Print version ISSN 0120-4688On-line version ISSN 2389-9387

Prax. filos.  no.52 Cali Jan./June 2021  Epub Apr 13, 2021

https://doi.org/10.25100/pfilosofica.v0i52.11080 

Editorial

Nota editorial

François Gagin1 

1Editor General, Revistas Praxis Filosófica, Universidad del Valle, Cali, Colombia


Amicus Plato sed magis amica veritatis

Querido Lector,

El tiempo pasa, nos vamos poniendo viejos, dice un refrán de una canción. ¿El tiempo pasa, querido Lector? Mas no, Lector, el tiempo no pasa, somos nosotros que pasamos. En cada paso, se da una impronta; unas son muy pasajeras, otras las quisiéramos indelebles. Lelio Fernández Druetta, profesor jubilado de nuestro Departamento de Filosofía y recientemente fallecido, es una de esas improntas que marcó y marca aún nuestro entorno académico. Le dedicamos enteramente esa nota editorial al figurar un retrato intelectual, bella ocasión para seguir intentando filosofar en medio de la pandemia y de fortalecer entre Usted y nosotros ese afecto editorial y, a la vez, cultural.

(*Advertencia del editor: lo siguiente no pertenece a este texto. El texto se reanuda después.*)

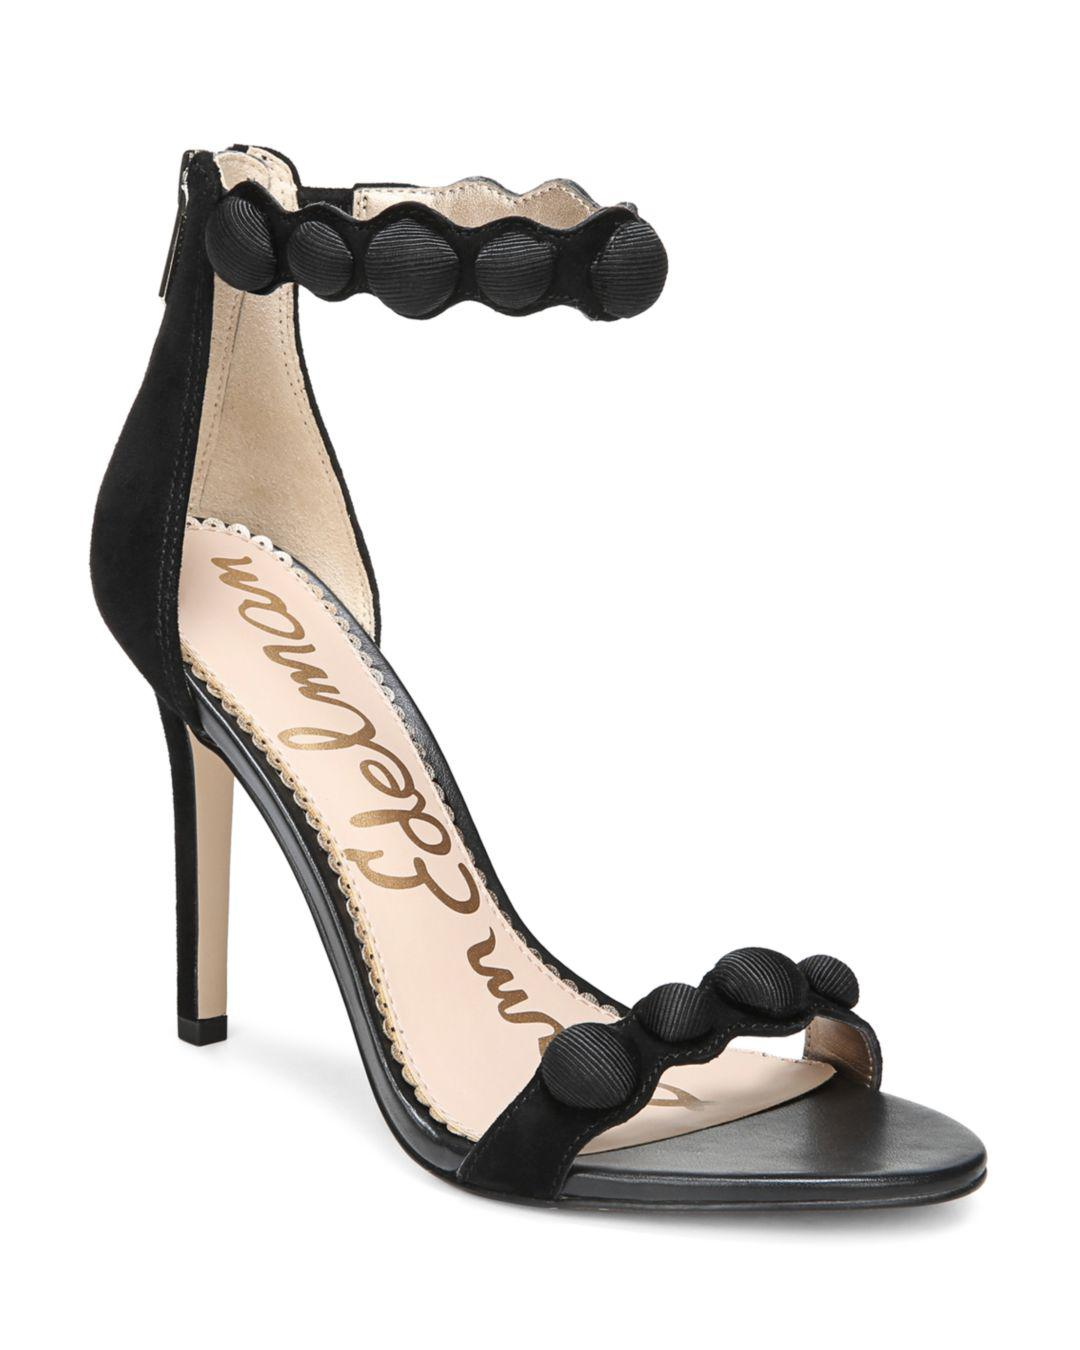 229a2785449 Sam Edelman Women s Addison Suede High-heel Ankle Strap Sandals in ...

Un espíritu siempre es encarnado; he ahí algo que es constitutivo de nuestra finitud, mas esa condición mortal encierra, que lo queramos o no, un deseo de eternidad, de un absoluto; entiende Usted, es ese deseo que se manifiesta bajo las palabras y los gestos que quisieran significar frente a la partida que, a pesar de todo, algo queda en los corazones, en la memoria… En tanto que se asume y se vive con un ethos que deriva de un esprit de finesse, el retrato se hará con algunas pinceladas en que adivinarán, para algunos, y reconocerán, para otros -es nuestro íntimo deseo- la sombra de Lelio Fernández.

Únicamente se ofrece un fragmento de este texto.